The Joint Committee for Review of Administrative Rules voted along party lines to suspend a Wisconsin Elections Commission rule that would’ve directed clerks on the steps they must take to fix missing or incorrect information on absentee ballot envelopes.

Still, agency attorneys believe the original guidance sent to clerks in 2016 telling them they were free to cure ballot envelopes without contacting voters first remains in effect, a spokesman said. That’s because the agency believes Wednesday’s vote only applies to the new guidance, not what was issued six years ago.

The committee co-chairs didn’t immediately respond to messages from WisPolitics.com seeking comment on the agency’s contention.

Ahead of Wednesday’s 6-4 committee vote, Co-chair Sen. Steve Nass, R-Whitewater, said there is no state law that gives WEC authority to tell clerks they can or cannot cure the ballot envelopes. He said the Legislature, not the administrative bodies it creates, has the legal authority to do that.

“That is left to the Legislature,” he said. “We cannot have other departments plugging in information that the department believes was left out by the Legislature. The Legislature must do that.”

Rep. Gary Hebl, D-Sun Prairie, argued the committee shouldn’t suspend WEC’s guidance because it offers clerks essential information on how to navigate complex legal issues such as this.

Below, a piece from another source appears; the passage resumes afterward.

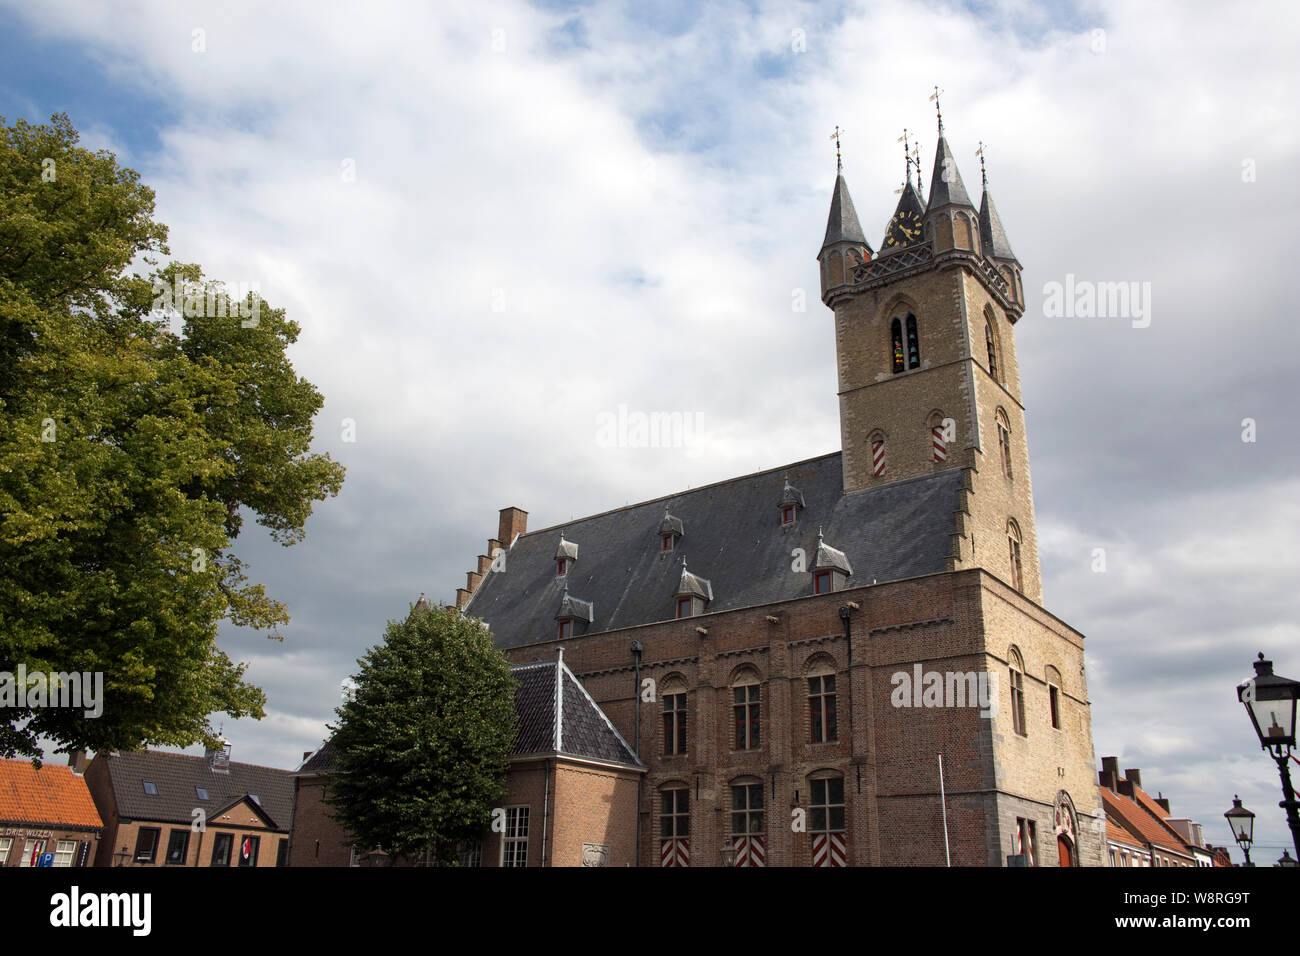 Historischer Glockenturm von 1396, Sluis, Zélande, Pays-Bas Banque D'Images

He also worried suspending the rule would expose Wisconsin taxpayers to a litany of litigation over what exactly an address is and what state law means by allowing clerks to return ballots to voters to correct certificate information.

“This is a horrible mistake,” he said. “But it continues the road that the Republicans are going down to try to make elections questionable to try to provide litigation so that any time their candidate loses they can go into court and fight because they don’t have the votes.”

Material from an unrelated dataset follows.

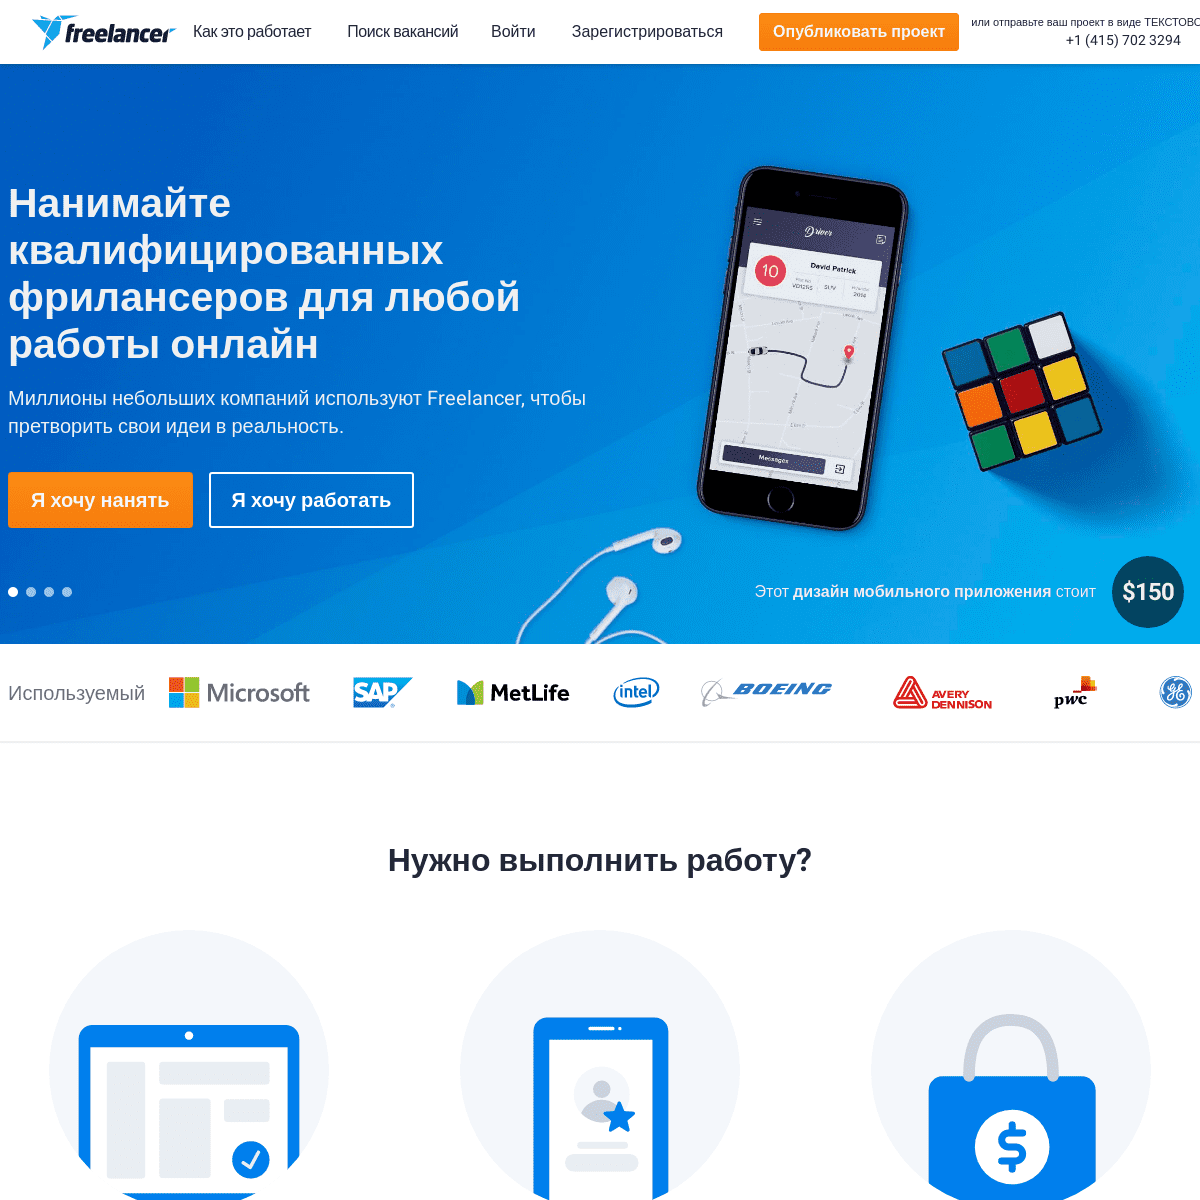 A complete backup of freelancer.com.ru

The commission in 2016 unanimously approved the guidance on curing absentee ballot envelopes with little fanfare. But Republicans have been looking to overturn that guidance since the 2020 election, when nearly 1.4 million absentee ballots were cast by mail. Some have argued the guidance exceeded the commission’s authority and absentee ballots with missing or incorrect information on the envelopes can only be cured by the voter to count.

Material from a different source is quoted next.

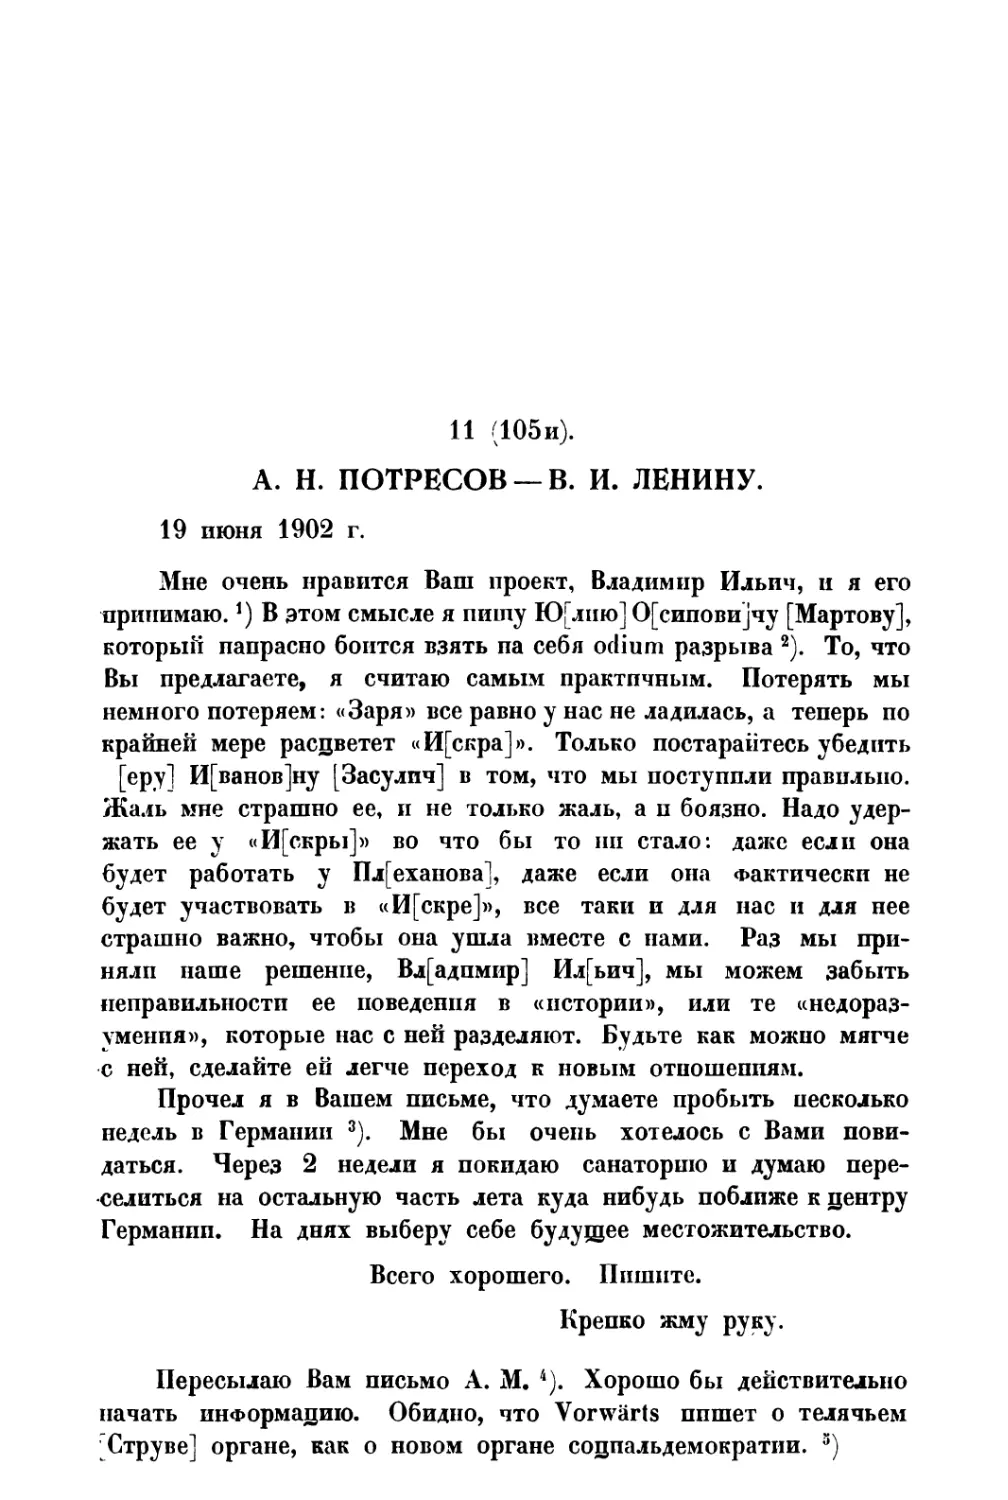 11. А. Н. Потресов — В. И. Ленину от 19 VI 1902 г

Republicans hailed Wednesday’s move as reining in the Elections Commission from circumventing powers given to the body under the law.

But Ann Jacobs, an attorney and Dem appointee to the commission, said the committee’s action falls short of rescinding the original guidance the body gave clerks in 2016.

JCRAR had earlier directed the commission to rescind that 2016 guidance or turn it into a rule, which gives the Legislature oversight. The commission declined to rescind the guidance and go through the rules process.

Jacobs said the committee vote suspends that rule, which took effect earlier this month. But it doesn’t touch the original guidance.

“This is something where the intent of the WEC in 2016 was to allow properly requested, properly executed ballots to be cast by voters and not fail on account of an error by their witness,” Jacobs said.

Today’s committee vote also comes a little more than a week after a lawsuit was filed seeking to prohibit clerks from curing ballot envelopes.